A bounce is a response from a mail server or mailbox provider informing  sender or sending mail server that an email wasn’t delivered. When an email bounces, it didn’t reach to the recipient’s inbox instead, the mailbox provider returned it to the sender with an error message.

Please note that there are some bounces that you can fix, while there are others that cannot be fixed. Please be sure to check the spelling of the email address to ensure there are no typos.

Bounces are divided in two categories:

  1. Hard bounces
  2. Soft bounces

Hard Bounce

A permanent failure where an email server will not try to send the email, until resolved.

  1. Bad-domain: the domain of the email address (for example ‘@example.com’) is not valid. In this case, domain must be checked for validity as well as typo errors.
  2. Bad-mailbox: the email address doesn’t exist on the server.
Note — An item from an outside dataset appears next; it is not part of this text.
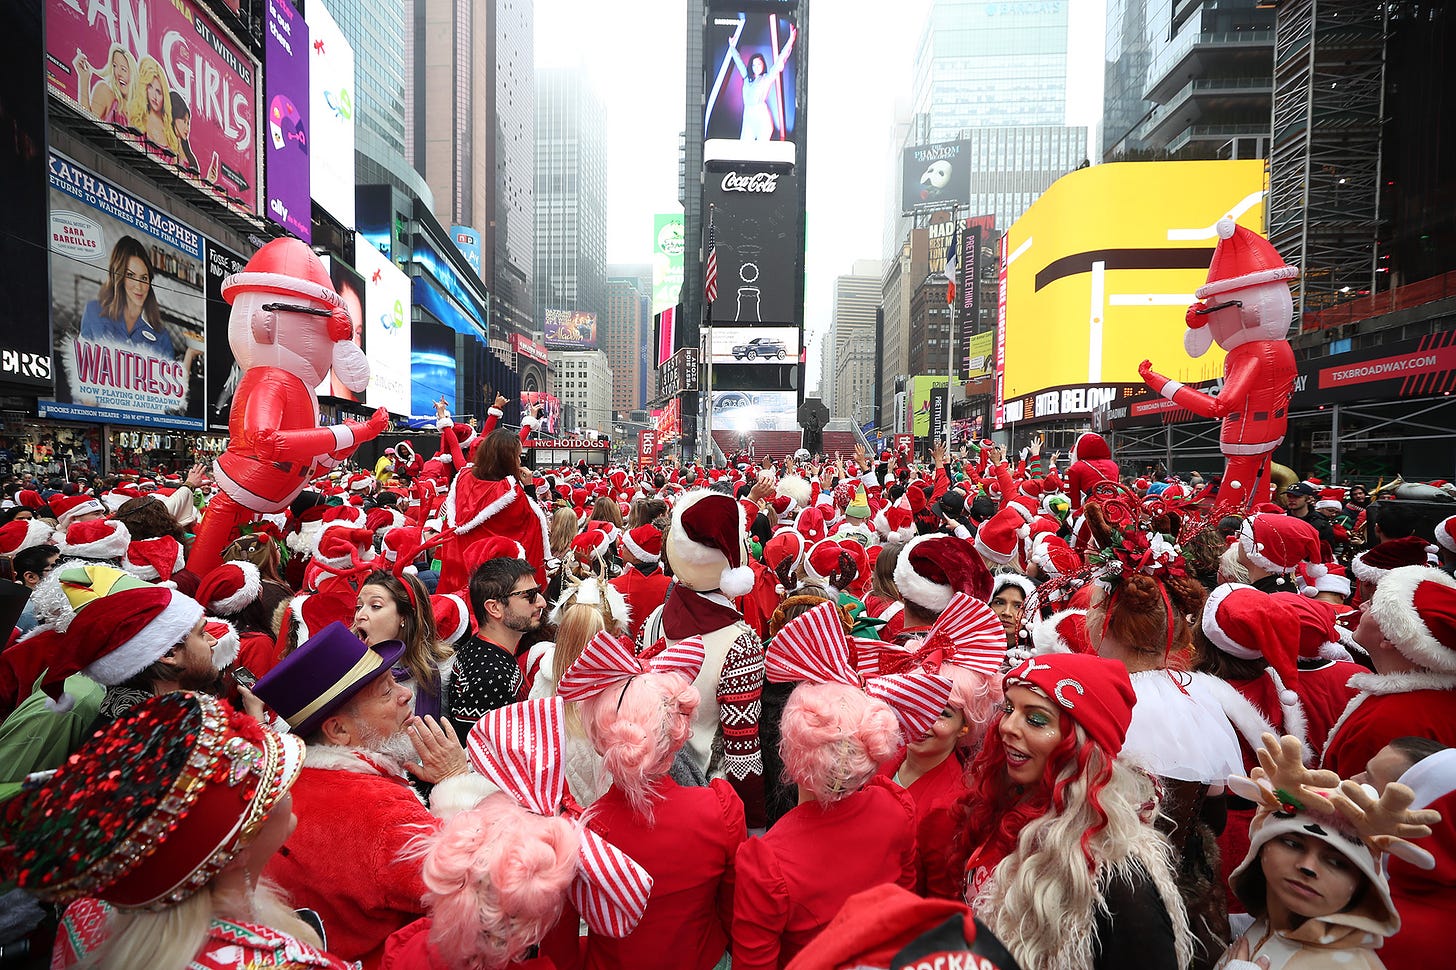 SantaCon is coming back to NYC on Dec. 11 after pandemic

Either mailbox doesn’t exist, or a typing error has been made by sender.
  3. Inactive-mailbox: the email address used to exist but has become deactivated, mailbox has been deactivated or removed.
  4. Invalid-sender: the receiving domain does not like the IP or domain sending the email. Sender is either marked in a blocklist or has previously been marked as spam sender from various mail service providers.
  5. Policy-related: a catch-all category, often indicating the sender is on a blacklist or any other policy set on recipient server side.
  6. Relaying-issues: Sender email is not allowed from a sending server. Sender email needs to be authenticated from parent mail service.

If your email bounces due to bad or inactive mailbox, communicate with your contact on other channels to update the email address. 

Soft Bounce

A transient failure where an email server will try to send email after current delivery failure.

  1. Mailbox is full: All mail providers limit mailbox size to a certain point. Gmail, for example, gives its users 15GB of free storage while Yahoo! provides their users with 1TB of storage space. Microsoft has a limit for outlook users 15 to 20GB and Microsoft 365 user has 50GB. Once a user hits the limit, their mail provider won’t accept new messages and messages will bounce.
  2. Delays or temporary issues on the receiver side: This happens when recipient mail server is receiving a heavy load of traffic that can prevent emails from getting delivered. This bounce tells us that messages are not being accepted right now but might have success delivering this same message after multiple retries. Mail servers retry to send email automatically based on their retry settings.
  3. Content-related soft bounces: Recipient server might choose to bounce individual emails if your content looks suspicious. An immediate action should be taken on this error, as this can lead to permanent blockage of sender & sending IP.
  4. Spam or reputation-related soft bounces: In addition to email content, recipient servers or mail providers use other tools to decide whether you’re a trustworthy sender. If they’re suspicious of your sending reputation, they might decide to bounce your emails.
  5. Routing errors: The connection between sender and recipient mail servers got disconnected before the emails were delivered, or any network related errors fall in this category.

 

 If your email bounces due to content or spam-related issues, review the campaign content and links; refine with more subtle calls to action. You can also ask the contact to add you to their safe senders list or add your email address to their contacts.